When we bought our big baler everyone from the sales guy to the mechanics said that cornstalks are the worst thing you can do to a big baler. And to make a good bale everything has to be adjusted perfectly. At least on a Massey. Though lots of people bale them around here. I won't be though.


----------



## Gearclash (Nov 25, 2010)

I've put cornstalks through a big square for 10 years now and will say it makes a lot more sense to bale stalks with a round baler. 500 bales of stalks cause more trouble and wear than 2000 bales of hay. And stalks and big square knotters don't always play nice together. The only big squares I see that do a lot of stalks here are the newer 4x4 Heston/Massey.
I run a little less density in stalks than in hay, and I don't go crazy with the hay density either.


----------



## AQHACWBY (Feb 6, 2012)

Thanks for the input, I have decided to have my nieghbor use his big square baler and pay the cost. ($1.25 a ft )
That will save wear and tear on mine, and repair cost. 2 years ago, I have tried baling stalks with my 336 and the next year for hay, cost me a bunch in repairs.
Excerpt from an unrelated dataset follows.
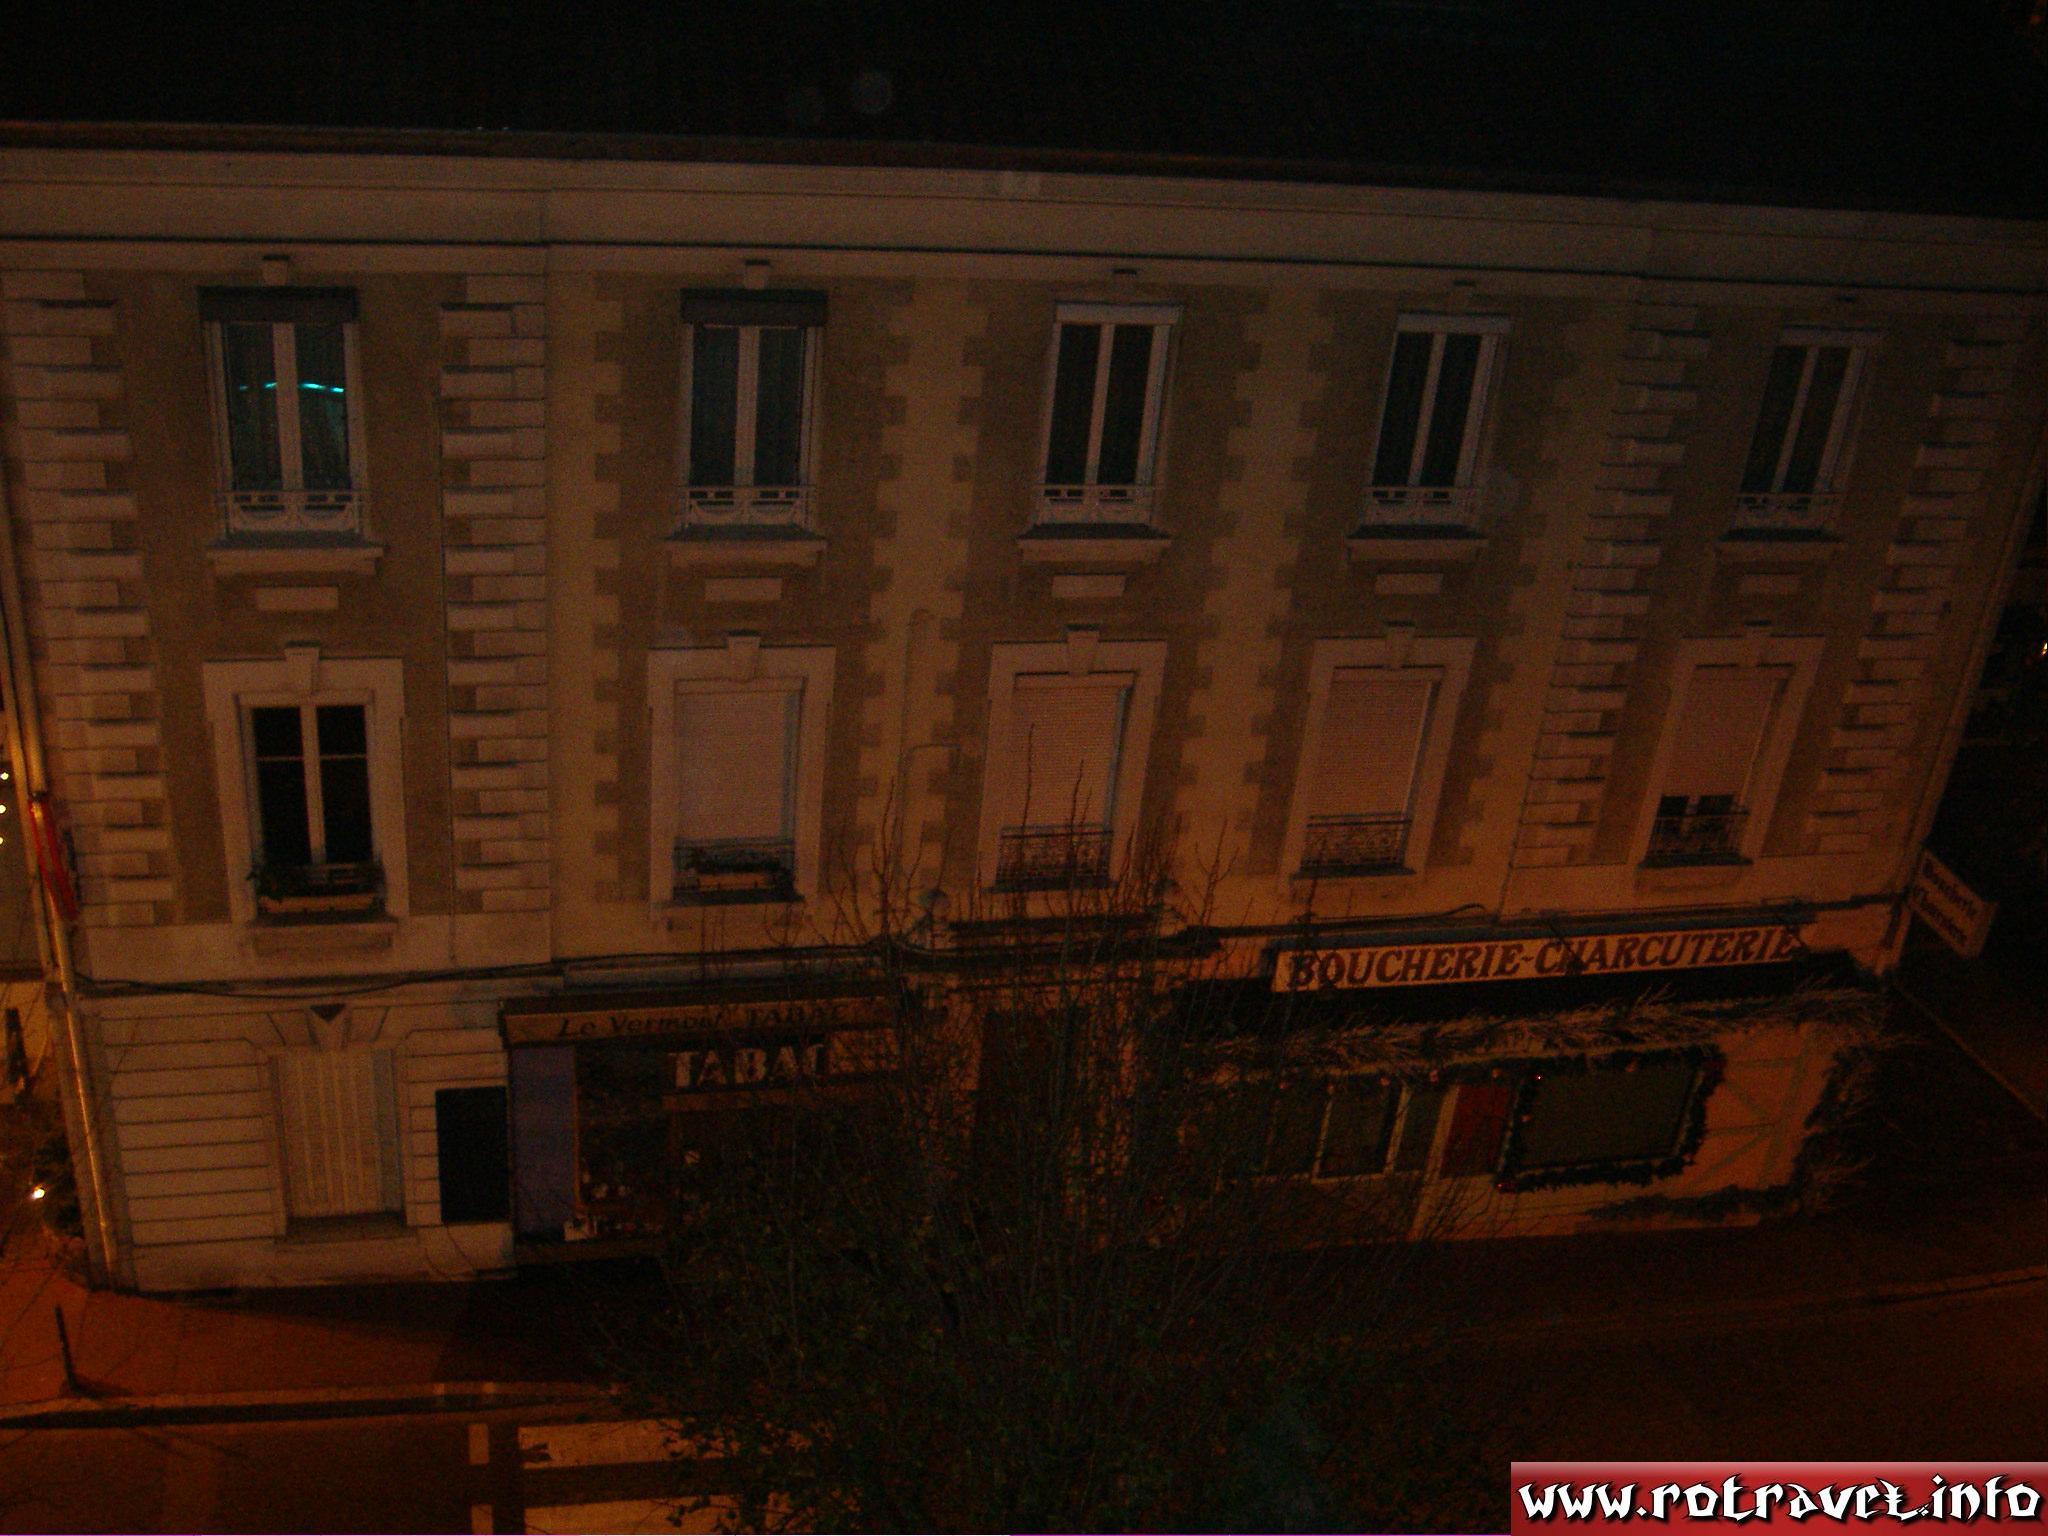 A building with a butcher's shop and charcuterie in Charbonnières-les-Bains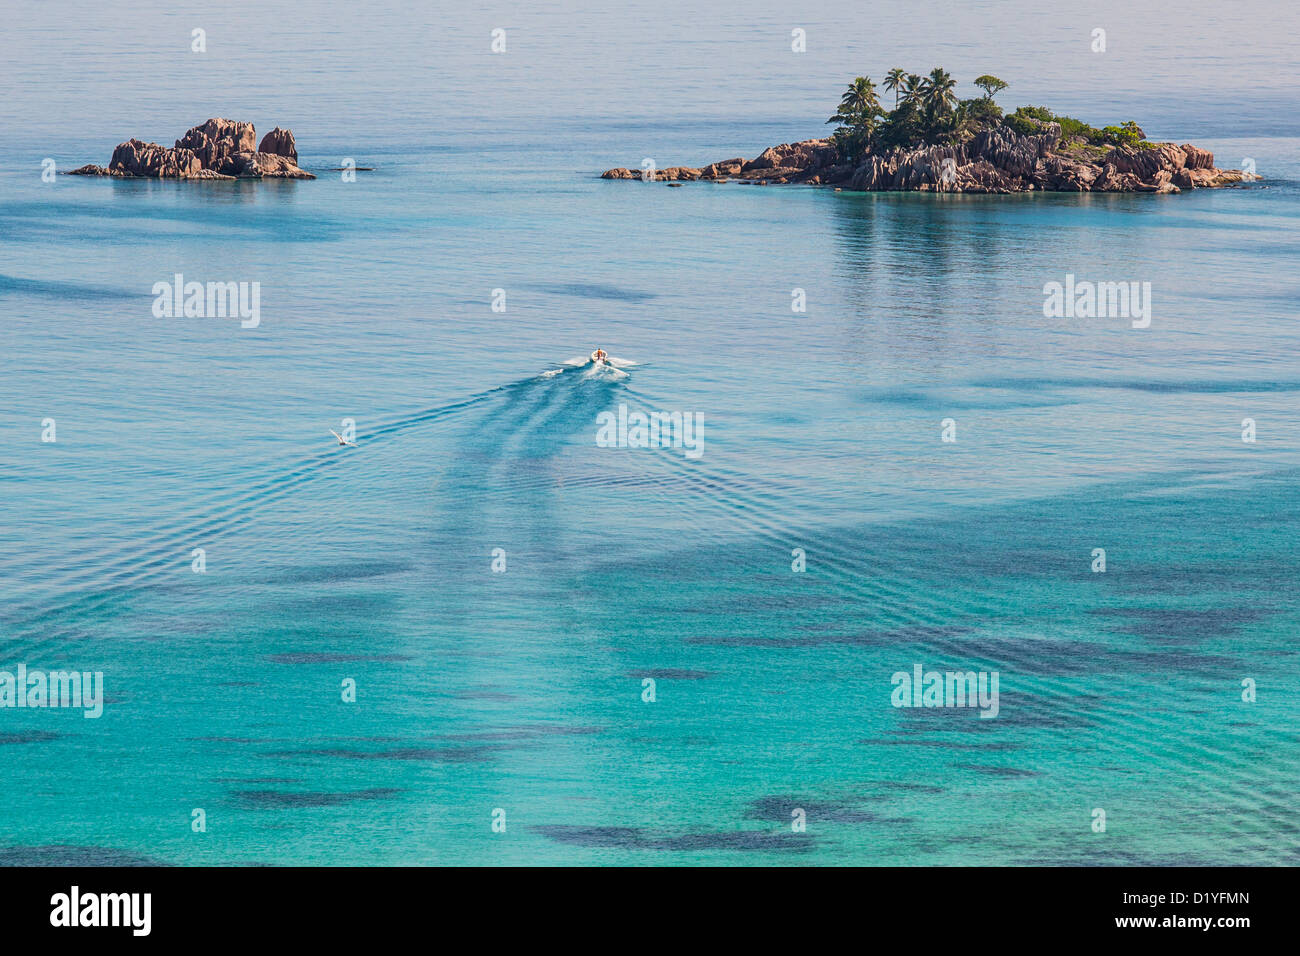 St Pierre Island, Praslin, Seychelles - Stock Image

I just was not sure about the big square balers and stalks. Again thanks.


----------



## UpNorth (Jun 15, 2009)

I've also had a recent question on this in New York. The link below gives a nice overview of the process. http://ocj.com/ffa/wp-content/uploads/2011/06/DLivestock275.pdf

In a nutshell, chopping with a flail mower, getting the moisture low (under 20%), and using a heavy duty round baler with net wrap seem to be key to making this work. What are corn stalk bales running price wise for you guys?


----------



## mlappin (Jun 25, 2009)

UpNorth said:


> I've also had a recent question on this in New York. The link below gives a nice overview of the process. http://ocj.com/ffa/w...ivestock275.pdf
> 
> In a nutshell, chopping with a flail mower, getting the moisture low (under 20%), and using a heavy duty round baler with net wrap seem to be key to making this work. What are corn stalk bales running price wise for you guys?


We used to chop, then rake, then bale. Time consuming to say the least. This year we installed stalk stompers on the corn head, removed the spreader and dumped the fodder in a row then baled the rows of fodder following the direction it was picked.

We did this when the stalks and fodder still had some green left in them. Baled it then wrapped the very next day.


----------